# Stored data
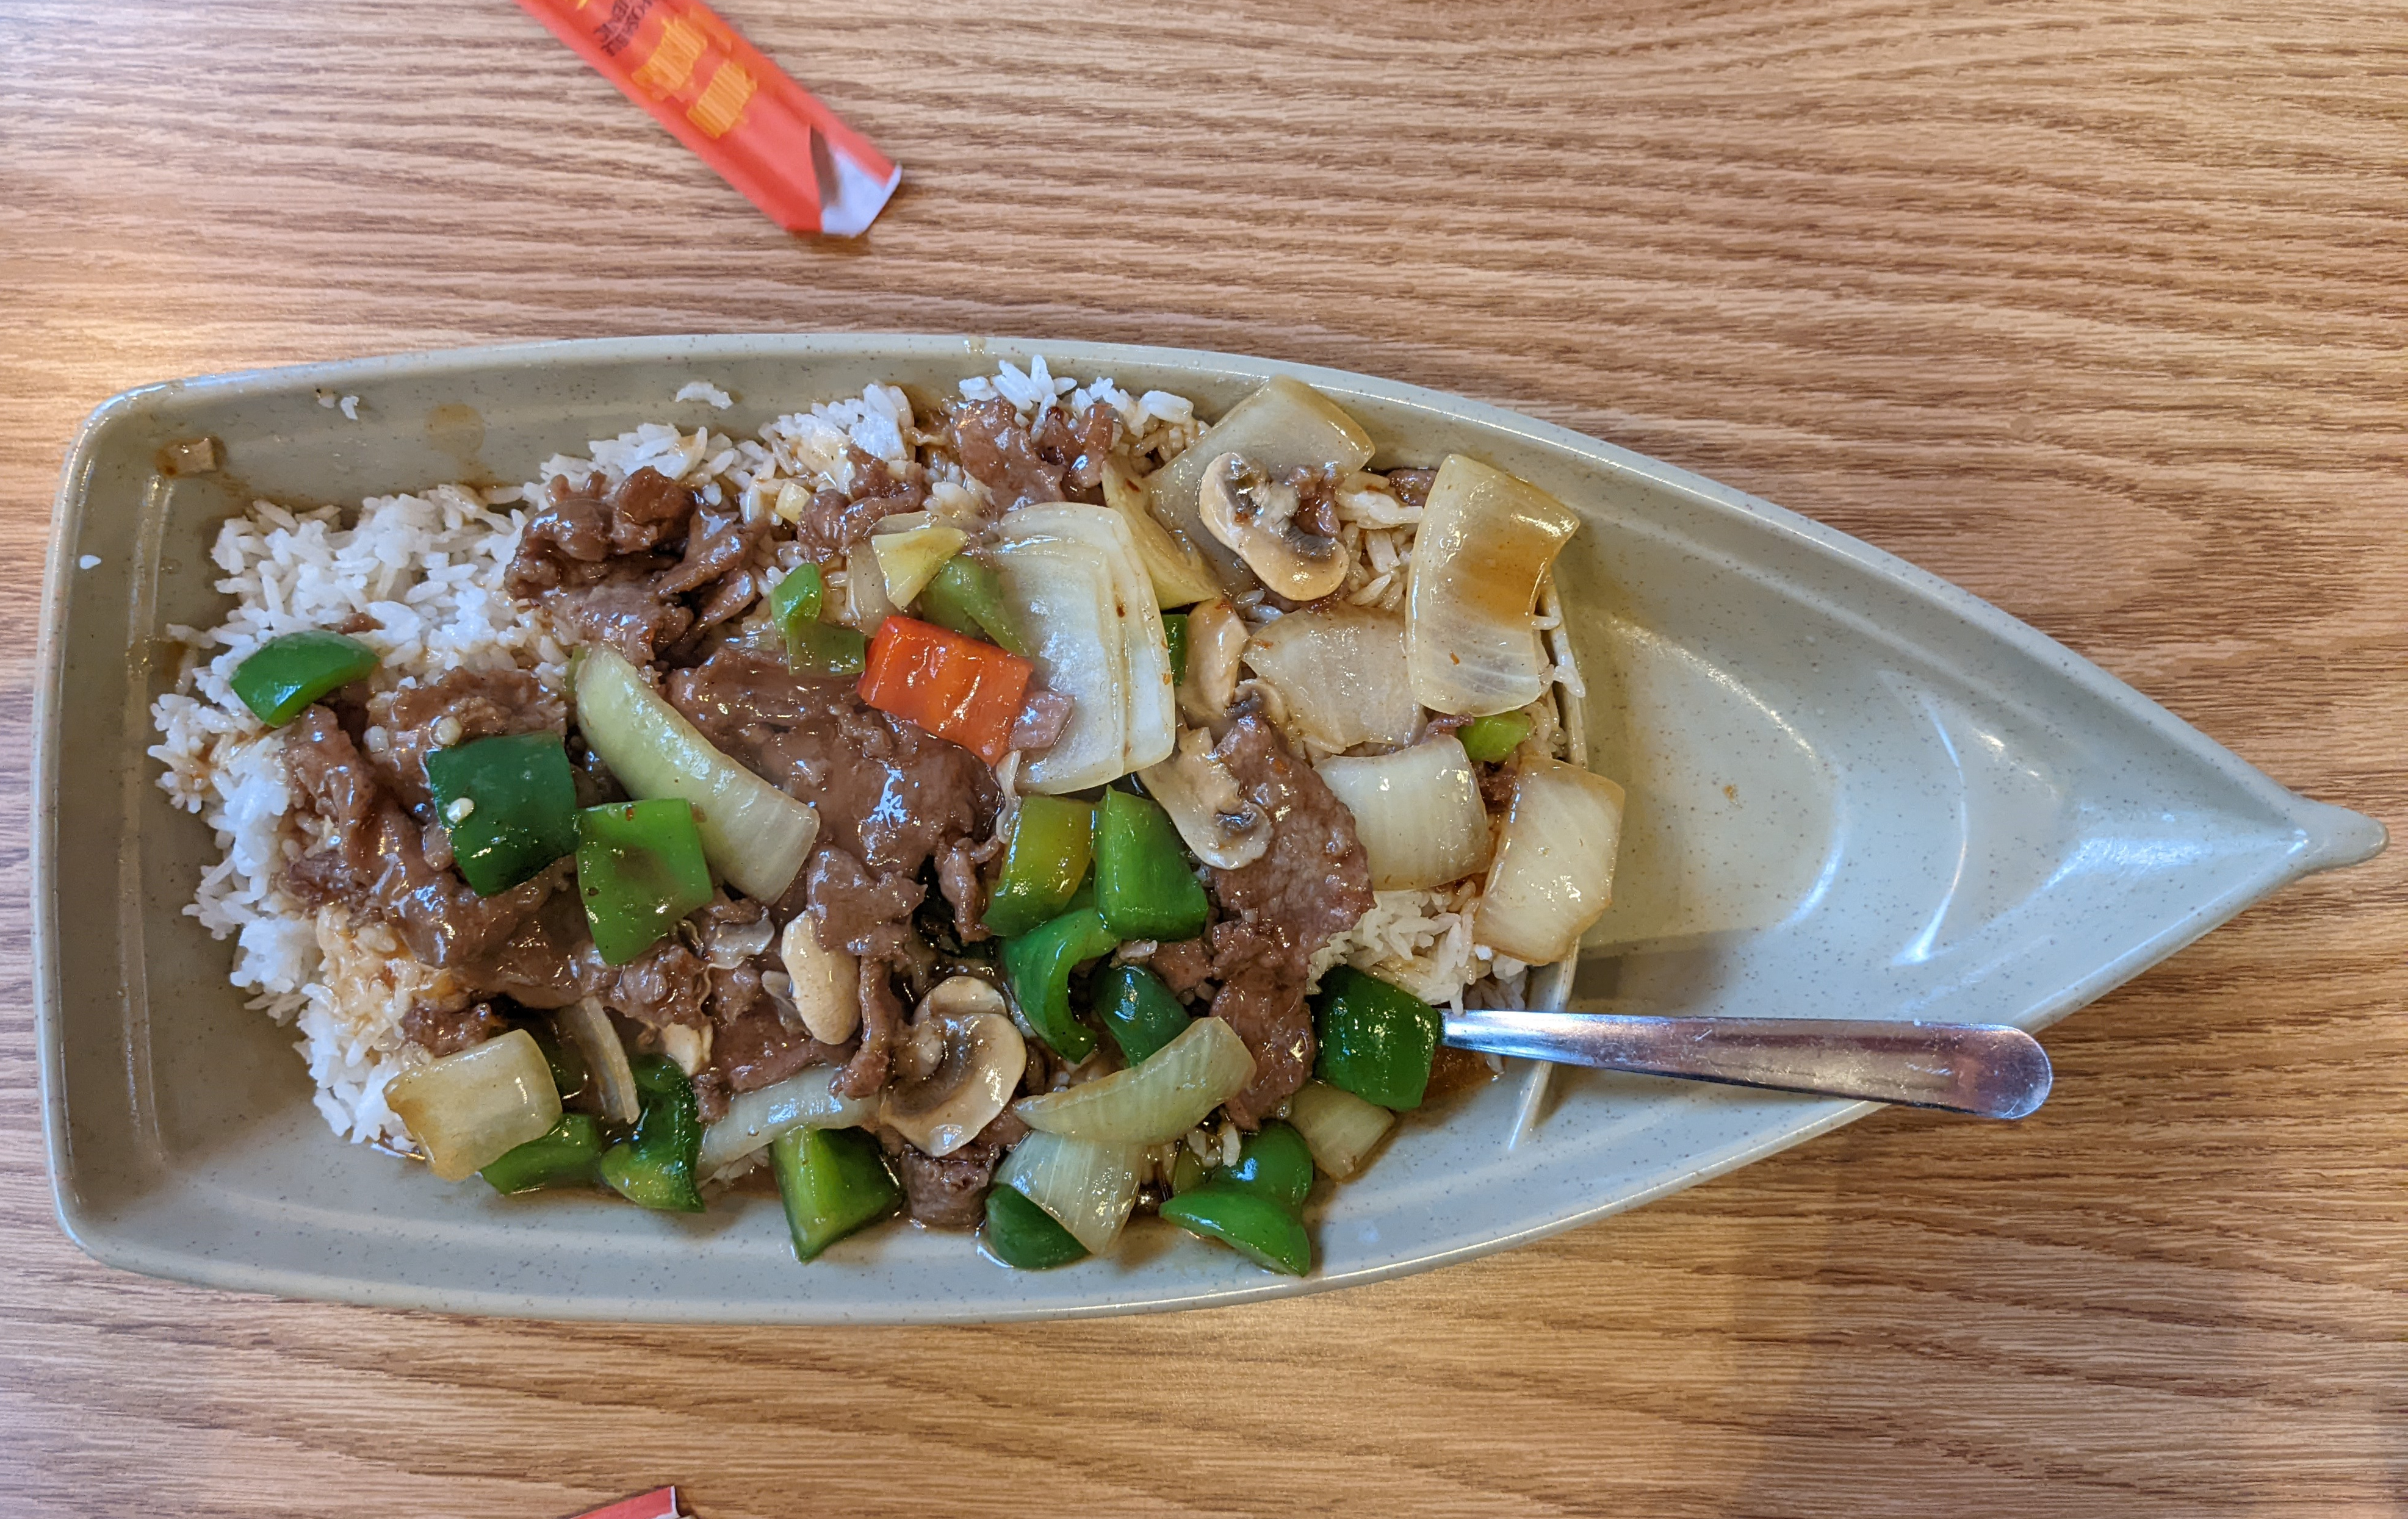 In a gray porcelain boat, there is a beef dish over rice with veggies. Photo by Tayler Neumann.
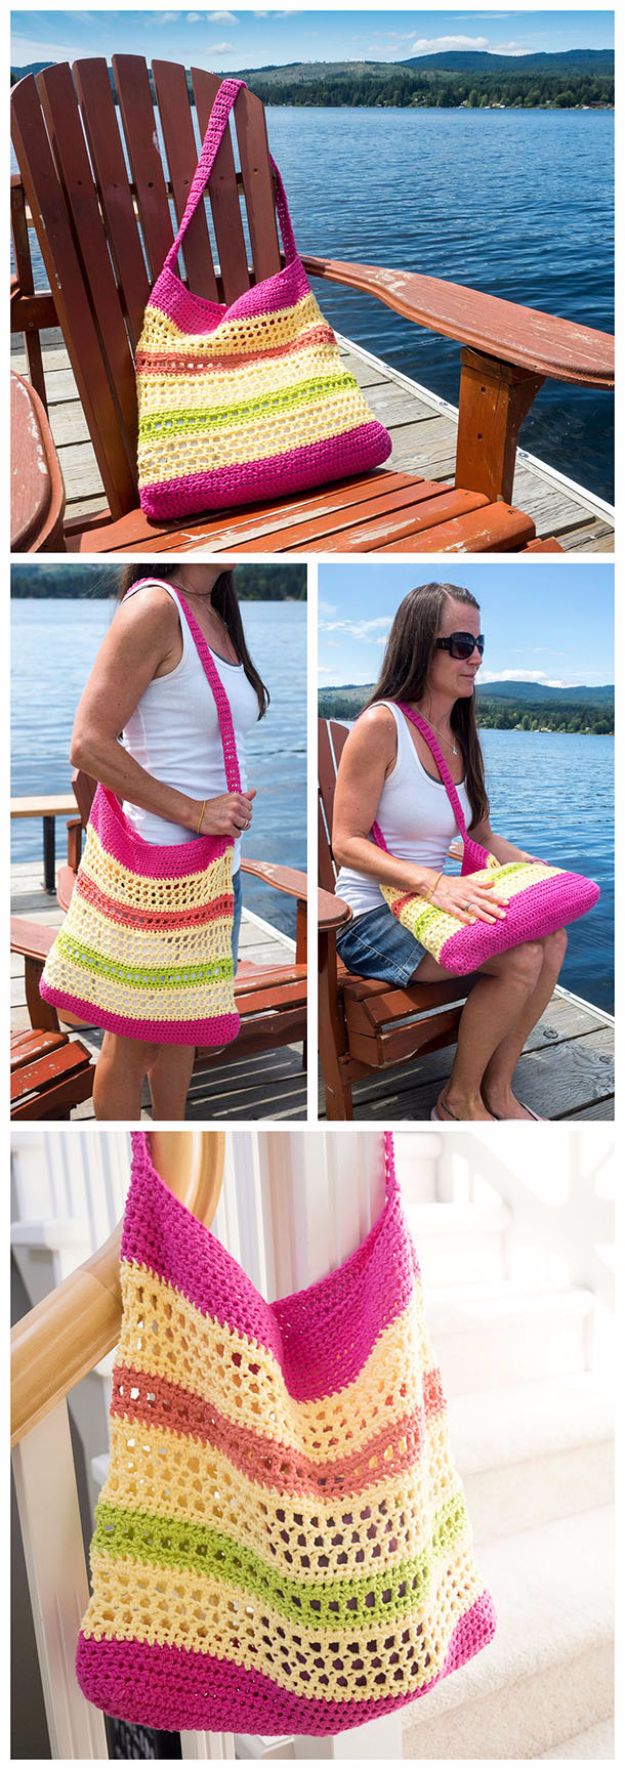 DIY Bags for Summer - Crochet Beach Tote Bag - Easy Ideas to Make for Beach and Pool - Quick Projects for a Bag on A Budget - Cute No Sew Idea, Quick Sewing Patterns - Paint and Crafts for Making Creative Beach Bags - Fun Tutorials for Kids, Teens, Teenagers, Girls and Adults
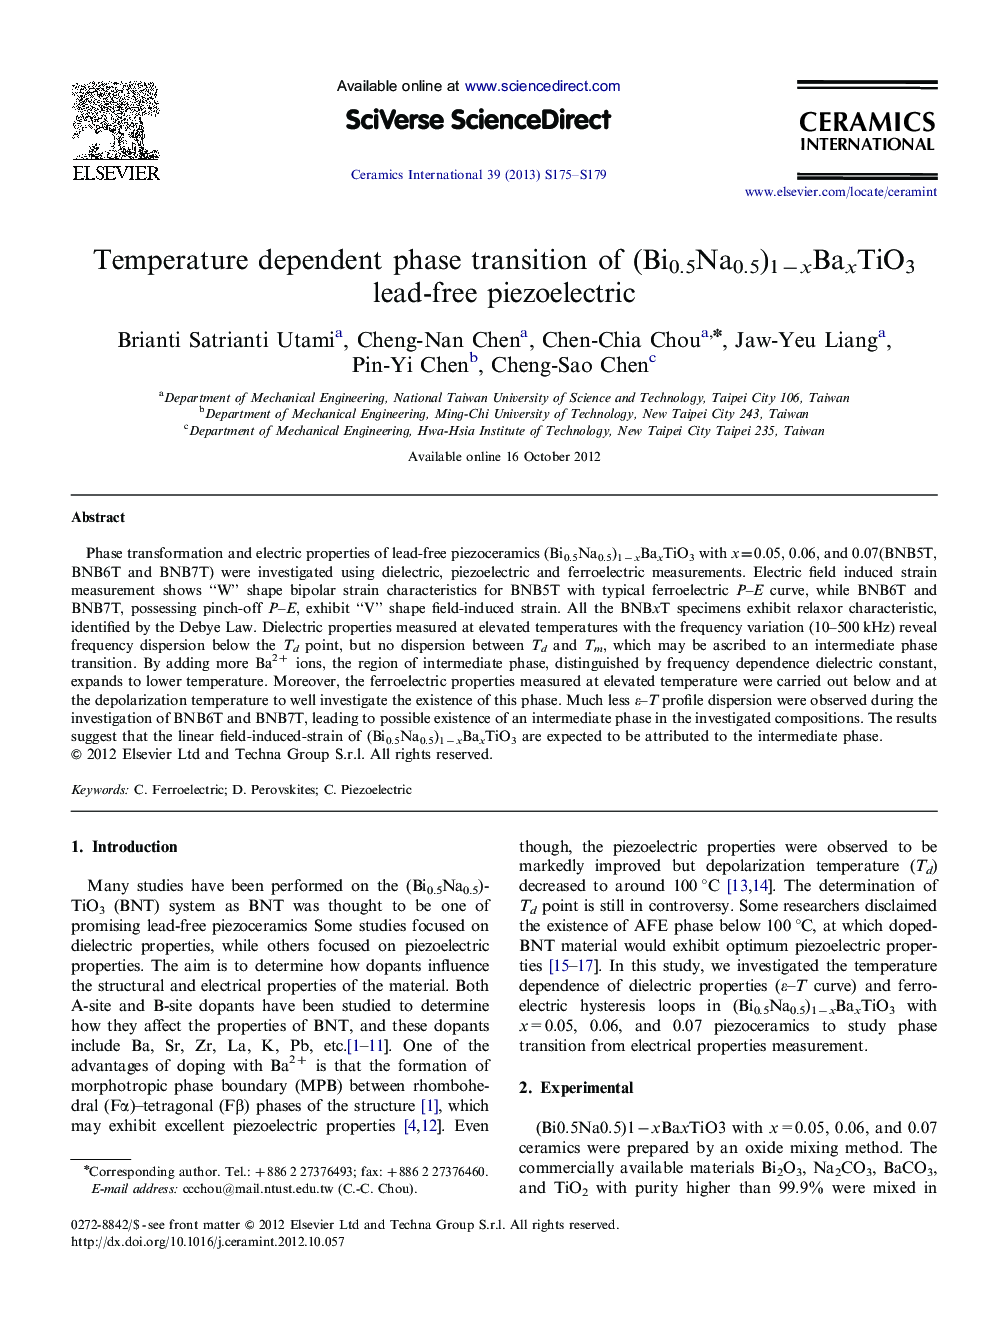 Temperature dependent phase transition of (Bi0.5Na0.5)1−xBaxTiO3 lead-free piezoelectric
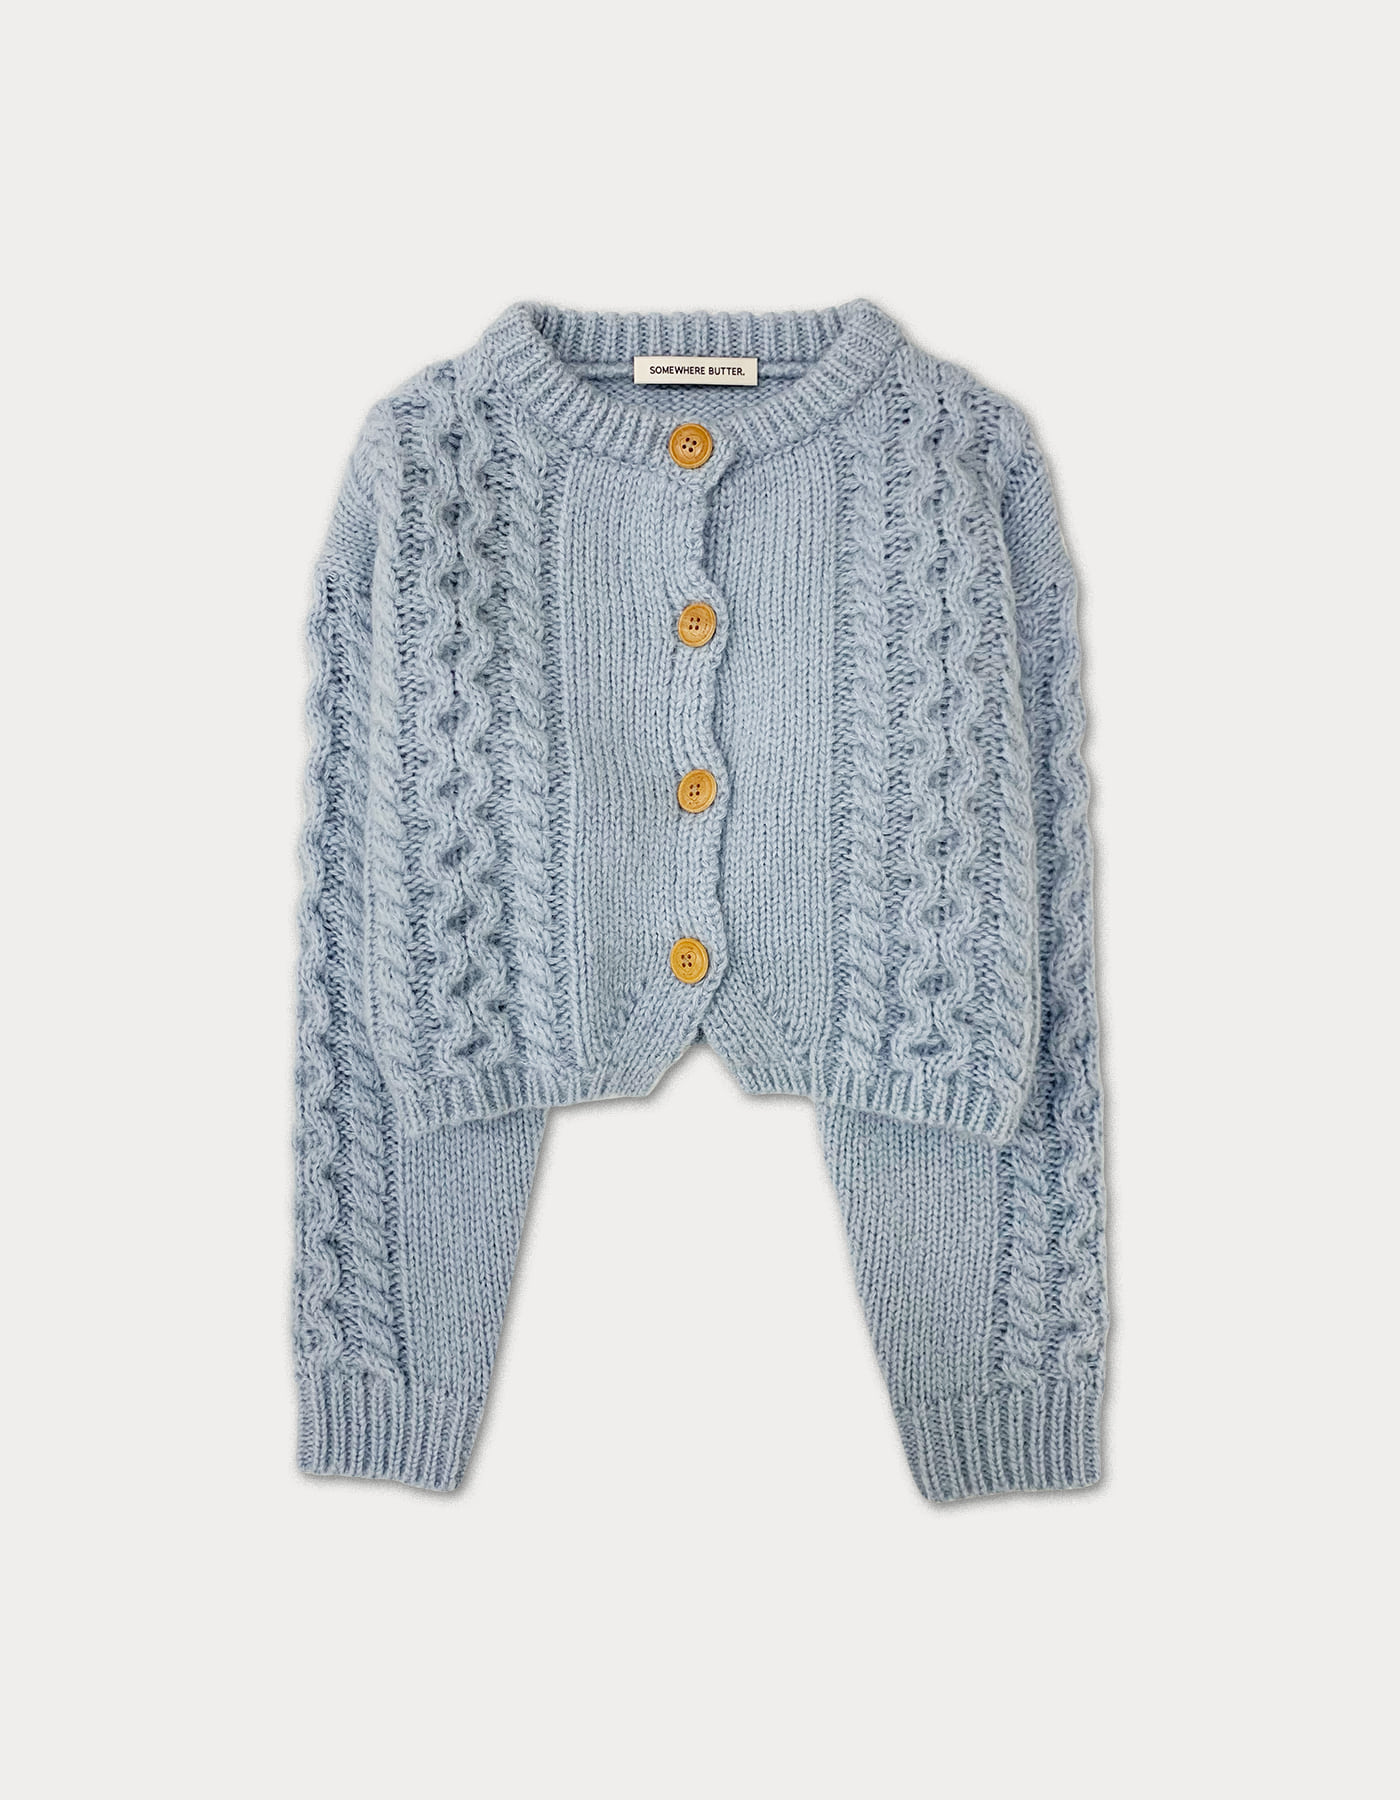 Woodbutton cable cardigan - light blue

# Instructions to follow
Starting at the line that holds "DIY Bags for", write out every remaining line of the material above exactly as it appears. Pictures should not be copied.

# Answer
 DIY Bags for Summer - Crochet Beach Tote Bag - Easy Ideas to Make for Beach and Pool - Quick Projects for a Bag on A Budget - Cute No Sew Idea, Quick Sewing Patterns - Paint and Crafts for Making Creative Beach Bags - Fun Tutorials for Kids, Teens, Teenagers, Girls and Adults
 Temperature dependent phase transition of (Bi0.5Na0.5)1−xBaxTiO3 lead-free piezoelectric
 Woodbutton cable cardigan - light blue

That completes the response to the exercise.